Restate each entry word for word, leaving nothing out.

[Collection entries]
_ _ _
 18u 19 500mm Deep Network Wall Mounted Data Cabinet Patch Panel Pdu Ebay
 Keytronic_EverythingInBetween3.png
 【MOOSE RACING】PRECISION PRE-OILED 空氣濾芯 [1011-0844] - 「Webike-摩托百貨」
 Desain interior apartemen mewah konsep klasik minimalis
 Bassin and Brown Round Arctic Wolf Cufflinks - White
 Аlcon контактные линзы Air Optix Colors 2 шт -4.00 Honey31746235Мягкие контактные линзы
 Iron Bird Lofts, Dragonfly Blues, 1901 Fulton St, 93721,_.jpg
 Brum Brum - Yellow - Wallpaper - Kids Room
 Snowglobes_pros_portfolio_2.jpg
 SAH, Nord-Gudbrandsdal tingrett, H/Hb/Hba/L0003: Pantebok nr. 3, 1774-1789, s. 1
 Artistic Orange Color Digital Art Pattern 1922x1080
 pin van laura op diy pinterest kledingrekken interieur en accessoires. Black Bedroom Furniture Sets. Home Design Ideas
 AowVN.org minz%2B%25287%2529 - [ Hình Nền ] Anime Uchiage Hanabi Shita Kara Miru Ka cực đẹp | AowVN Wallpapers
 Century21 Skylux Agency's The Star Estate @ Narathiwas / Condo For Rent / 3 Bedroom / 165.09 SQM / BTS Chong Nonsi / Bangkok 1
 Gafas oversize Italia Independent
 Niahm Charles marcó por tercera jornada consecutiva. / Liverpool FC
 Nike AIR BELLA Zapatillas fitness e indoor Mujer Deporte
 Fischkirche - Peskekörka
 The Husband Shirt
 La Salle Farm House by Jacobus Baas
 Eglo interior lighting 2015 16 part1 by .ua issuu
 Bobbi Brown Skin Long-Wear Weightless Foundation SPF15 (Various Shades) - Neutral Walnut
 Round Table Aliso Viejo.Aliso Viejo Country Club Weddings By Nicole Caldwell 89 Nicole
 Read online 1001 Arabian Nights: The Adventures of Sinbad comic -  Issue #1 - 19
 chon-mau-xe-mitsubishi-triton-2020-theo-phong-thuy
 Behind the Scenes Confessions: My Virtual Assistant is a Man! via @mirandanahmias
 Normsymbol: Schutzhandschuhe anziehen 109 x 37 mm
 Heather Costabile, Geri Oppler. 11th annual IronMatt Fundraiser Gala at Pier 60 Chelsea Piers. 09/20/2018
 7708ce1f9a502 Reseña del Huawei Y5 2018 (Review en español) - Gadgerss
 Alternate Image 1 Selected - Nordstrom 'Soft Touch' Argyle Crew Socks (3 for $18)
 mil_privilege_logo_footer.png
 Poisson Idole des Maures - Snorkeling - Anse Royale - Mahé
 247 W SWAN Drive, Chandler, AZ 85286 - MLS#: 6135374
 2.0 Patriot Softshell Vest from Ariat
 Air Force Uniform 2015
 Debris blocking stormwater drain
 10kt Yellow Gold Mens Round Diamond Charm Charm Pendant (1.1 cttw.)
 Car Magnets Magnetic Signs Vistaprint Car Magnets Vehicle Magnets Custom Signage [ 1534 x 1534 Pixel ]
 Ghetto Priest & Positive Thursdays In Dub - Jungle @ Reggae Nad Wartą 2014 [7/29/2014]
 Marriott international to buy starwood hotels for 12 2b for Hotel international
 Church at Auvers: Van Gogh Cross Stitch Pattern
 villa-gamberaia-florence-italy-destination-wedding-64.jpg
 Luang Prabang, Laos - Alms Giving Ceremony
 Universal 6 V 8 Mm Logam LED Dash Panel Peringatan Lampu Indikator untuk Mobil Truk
_ _ _
◆ **YOUR RESPONSE**:
 18u 19 500mm Deep Network Wall Mounted Data Cabinet Patch Panel Pdu Ebay
 Keytronic_EverythingInBetween3.png
 【MOOSE RACING】PRECISION PRE-OILED 空氣濾芯 [1011-0844] - 「Webike-摩托百貨」
 Desain interior apartemen mewah konsep klasik minimalis
 Bassin and Brown Round Arctic Wolf Cufflinks - White
 Аlcon контактные линзы Air Optix Colors 2 шт -4.00 Honey31746235Мягкие контактные линзы
 Iron Bird Lofts, Dragonfly Blues, 1901 Fulton St, 93721,_.jpg
 Brum Brum - Yellow - Wallpaper - Kids Room
 Snowglobes_pros_portfolio_2.jpg
 SAH, Nord-Gudbrandsdal tingrett, H/Hb/Hba/L0003: Pantebok nr. 3, 1774-1789, s. 1
 Artistic Orange Color Digital Art Pattern 1922x1080
 pin van laura op diy pinterest kledingrekken interieur en accessoires. Black Bedroom Furniture Sets. Home Design Ideas
 AowVN.org minz%2B%25287%2529 - [ Hình Nền ] Anime Uchiage Hanabi Shita Kara Miru Ka cực đẹp | AowVN Wallpapers
 Century21 Skylux Agency's The Star Estate @ Narathiwas / Condo For Rent / 3 Bedroom / 165.09 SQM / BTS Chong Nonsi / Bangkok 1
 Gafas oversize Italia Independent
 Niahm Charles marcó por tercera jornada consecutiva. / Liverpool FC
 Nike AIR BELLA Zapatillas fitness e indoor Mujer Deporte
 Fischkirche - Peskekörka
 The Husband Shirt
 La Salle Farm House by Jacobus Baas
 Eglo interior lighting 2015 16 part1 by .ua issuu
 Bobbi Brown Skin Long-Wear Weightless Foundation SPF15 (Various Shades) - Neutral Walnut
 Round Table Aliso Viejo.Aliso Viejo Country Club Weddings By Nicole Caldwell 89 Nicole
 Read online 1001 Arabian Nights: The Adventures of Sinbad comic -  Issue #1 - 19
 chon-mau-xe-mitsubishi-triton-2020-theo-phong-thuy
 Behind the Scenes Confessions: My Virtual Assistant is a Man! via @mirandanahmias
 Normsymbol: Schutzhandschuhe anziehen 109 x 37 mm
 Heather Costabile, Geri Oppler. 11th annual IronMatt Fundraiser Gala at Pier 60 Chelsea Piers. 09/20/2018
 7708ce1f9a502 Reseña del Huawei Y5 2018 (Review en español) - Gadgerss
 Alternate Image 1 Selected - Nordstrom 'Soft Touch' Argyle Crew Socks (3 for $18)
 mil_privilege_logo_footer.png
 Poisson Idole des Maures - Snorkeling - Anse Royale - Mahé
 247 W SWAN Drive, Chandler, AZ 85286 - MLS#: 6135374
 2.0 Patriot Softshell Vest from Ariat
 Air Force Uniform 2015
 Debris blocking stormwater drain
 10kt Yellow Gold Mens Round Diamond Charm Charm Pendant (1.1 cttw.)
 Car Magnets Magnetic Signs Vistaprint Car Magnets Vehicle Magnets Custom Signage [ 1534 x 1534 Pixel ]
 Ghetto Priest & Positive Thursdays In Dub - Jungle @ Reggae Nad Wartą 2014 [7/29/2014]
 Marriott international to buy starwood hotels for 12 2b for Hotel international
 Church at Auvers: Van Gogh Cross Stitch Pattern
 villa-gamberaia-florence-italy-destination-wedding-64.jpg
 Luang Prabang, Laos - Alms Giving Ceremony
 Universal 6 V 8 Mm Logam LED Dash Panel Peringatan Lampu Indikator untuk Mobil Truk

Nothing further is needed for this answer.